Let’s add brainless comments by plastic Arab pop stars to the growing list of things that have the capacity to rally every single Lebanese behind them. The list includes taking selfies with Israelis, posting useless comments on Instagram, among others.
Earlier this week, Lebanon’s “prime” comedian Adel Karam decided to make fun of Emirati singer Ahlam and her fans, who call themselves “Halloumiyin,” when her show aiming to find the best ass kisser possible also known as assistant was cancelled. That show was called “The Queen.”
So because an Arab diva calling herself and her show “the queen” and her fans after cheese was not comical enough, Adel Karam pointing it out broke the camel’s back and got Ahlam to do two things:
- Call Lebanese “Falafel” sellers,
- Chastise the country for the garbage crisis.
Subsequently, all hell broke loose. Twitter and Facebook hashtags calling to ban the singer from entering Lebanon were trending worldwide. Soon enough, Lebanese were attacking the entirety of the Gulf for what that singer said, because the situation with Saudi Arabia and its repercussions on our diaspora isn’t threatening enough, which means Ahlam was right when she tweeted this:
We got these posts from Adeela’s Facebook page:
A bunch of tweets:
Things culminated with this video from Pierre Hachach:
Sure, some of it is funny and she had it coming to a certain point, but aren’t we taking it too far? What’s offensive about someone pointing out the fact that the country was drowning in garbage when it’s irrevocably the truth? How does that pertain to their character as a person? Why does it mean we have to call for them to be banned from our country?
I guess it’s only offensive when a non-Lebanese does it. We, as a country, have enough pride to go around the world thirteen times, most of it unfounded and detrimental to our betterment as a society.
So my fellow Lebanese, this is a short wake-up call to all the offense you’ve taken because of a tweet by a foreigner; behold a list of things that are more offensive than Ahlam’s useless comments:
1 – The Freaking Garbage Crisis:
You may not have liked her tweet but the country is in fact sinking in garbage. Ironically, more people were upset and offended by her tweet than by the actual garbage crisis. No amount of arguments that the garbage can be taken off the streets is enough to erase this horrible chapter from our Lebanese existence. As a country, we’ve literally been co-existing with piles of trash on the sides of our roads and in our valleys. We’ve been the butt of the joke of international news for months. Is it only offensive when Ahlam pointed it out?

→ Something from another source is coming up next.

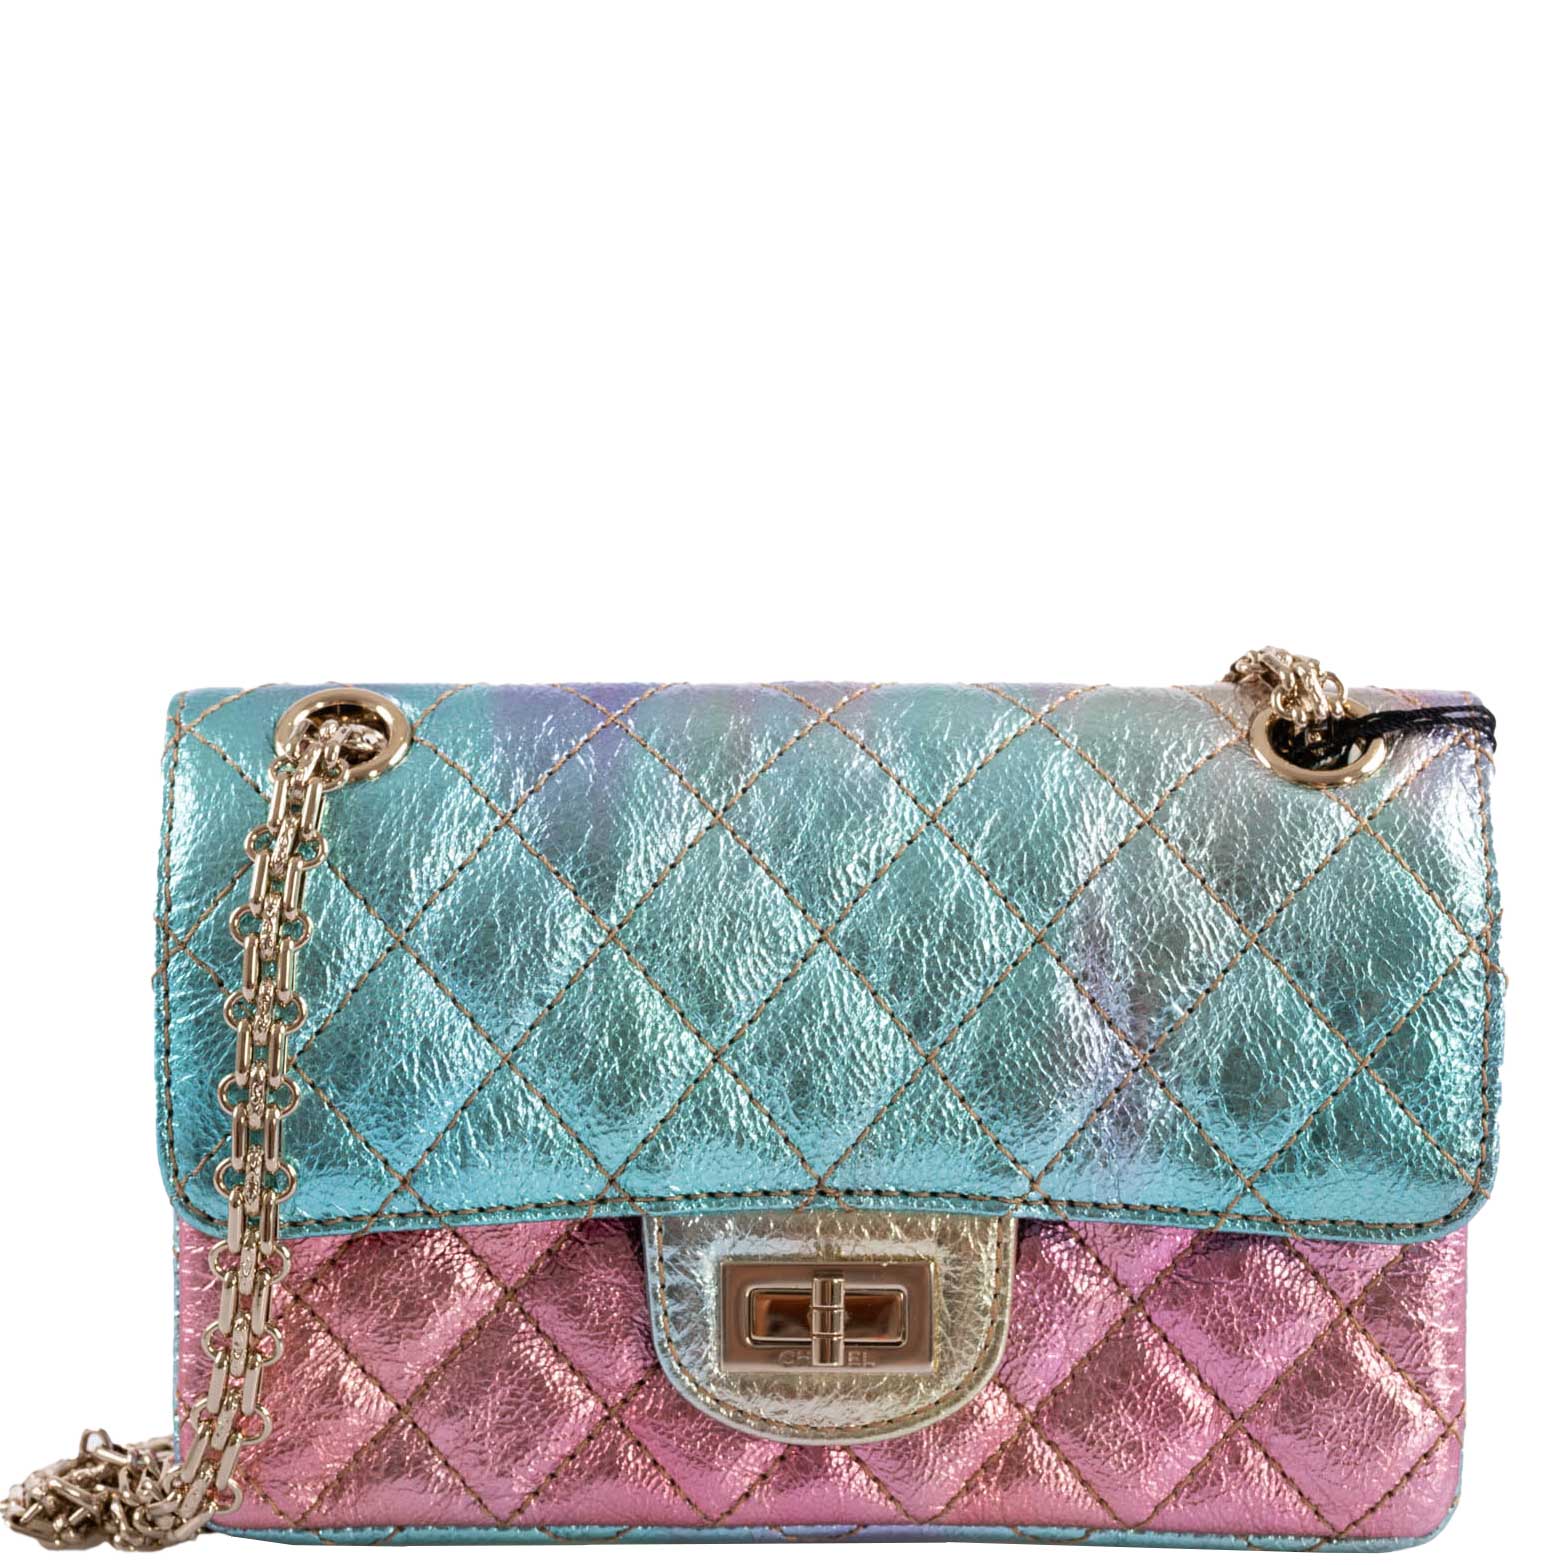 Chanel 2.55 mini  Girly bags, Chanel wallet, Chanel bag

2 – Two Years Without President:
Come May 2016, Lebanon would have officially spent two years of its modern history without a president. No amount of political maneuvering has been able to fix this, and the collective Lebanese population probably couldn’t care less. I’ve lost count on how many failed parliament sessions we’ve had. I guess no one’s counting anymore. A country without a head is not a country that gets to be offended by a tweet.
3 – You Haven’t Voted Since 2009:
These issues feel so passé because they’ve been so rehashed but until we actually head to the ballots and vote for a new parliament or a new anything for that matter, we will remain a fictive democracy that calls itself as such but whose people haven’t practiced any of their democratic rights in years.
4 – The Soldiers Still Kidnapped by ISIS:
Did you forget about those? Because it takes a lot of mental processing for me to bring them into the forefront of my memory. This is your friendly reminder that while many of our soldiers were freed from Al-Nusra a few months ago, many are still taken by ISIS without a resolution in sight.
5 – Our Passport Is The 9th Worst Passport In The World:
As an indicator of how beautiful our nationality is, look no further than at our passport’s strength. We have the 9th worst passport in the world. This translates to us literally being unable to go almost anywhere without having to go through a ton of bureaucratic hoops to get there. But please, by all means, let us panic over a tweet.
What’s So Bad About Selling Falafel Anyway?
I don’t know about you, but I fail to see what’s so demeaning about being told I’m a falafel seller. Didn’t we get a surge of pride only a week ago whenever anyone in any Western series or movie mentioned the world Falafel because somehow that gave us cultural validation?
Don’t we as a country also get a collective boner whenever we hear the story of a Lebanese who made it big abroad by selling falafel?
Since when is being someone who sells falafel offensive? Or is it only that because in the minds of some, being told that they’re falafel sellers infers they’re from a lower social class? In that case, not only have we failed to respond to Ahlam, but we’ve offended every single Lebanese who is one of those struggling to make ends meet for their family. I, for one, would rather be a falafel seller, and all the meanings it entails, than a plastic egomaniac Arab singer, but that’s just me.
We, as Lebanese, need to learn not to be offended by the truth about our country regardless of how hurtful that truth is and regardless of who says it. More importantly, we need to learn to develop thicker skin, however, be it against people like Ahlam or even others who will hurl out worst offenses at us or at our country.